A: Change Data Capture (CDC) is a real-time data integration technology that tracks and captures INSERT, UPDATE, and DELETE operations in source databases, then delivers incremental changes to target systems (data warehouses, lakes, microservices, etc.) without disrupting source database performance. It is critical because it eliminates the lag and resource overhead of traditional batch ETL, enabling real-time decision-making, zero-downtime cloud migrations, simplified compliance (GDPR/HIPAA/SOX), and faster response to market changes—core needs for data-driven enterprises in 2026.

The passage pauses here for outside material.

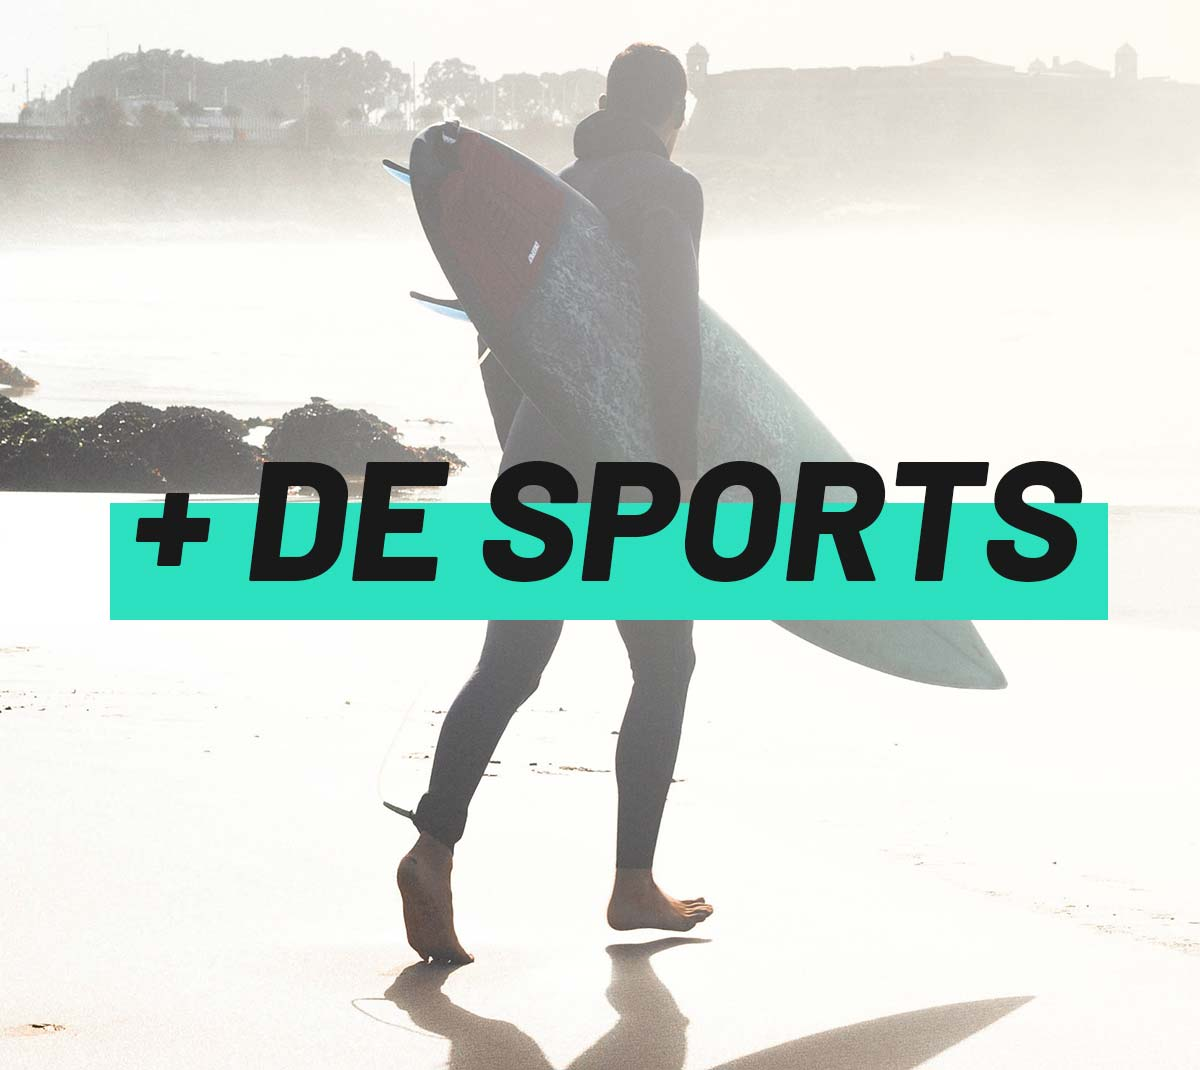 + de sports

Q2: How does CDC differ from traditional batch ETL/ELT, and which is better for my business?
A: The key difference lies in data freshness and source impact: Batch ETL extracts entire datasets at fixed intervals (e.g., nightly), causing stale data and high source database load from full table scans. CDC captures incremental changes in near-real time, reducing network/compute costs and ensuring up-to-date data. Choose CDC if your business requires real-time analytics, fraud detection, or seamless cloud migration; opt for batch ETL only for low-frequency, non-time-sensitive data sync (e.g., static reporting).
Conclusion
By capturing only what changes, change data capture technology reduces system load, improves data consistency, and powers faster decision-making across diverse environments.
Modern CDC solutions, like Info2Soft i2Stream, simplify deployment, support heterogeneous and hybrid environments, and ensure zero data loss, making them ideal for critical scenarios such as cloud migration, real-time analytics, and AI workflows.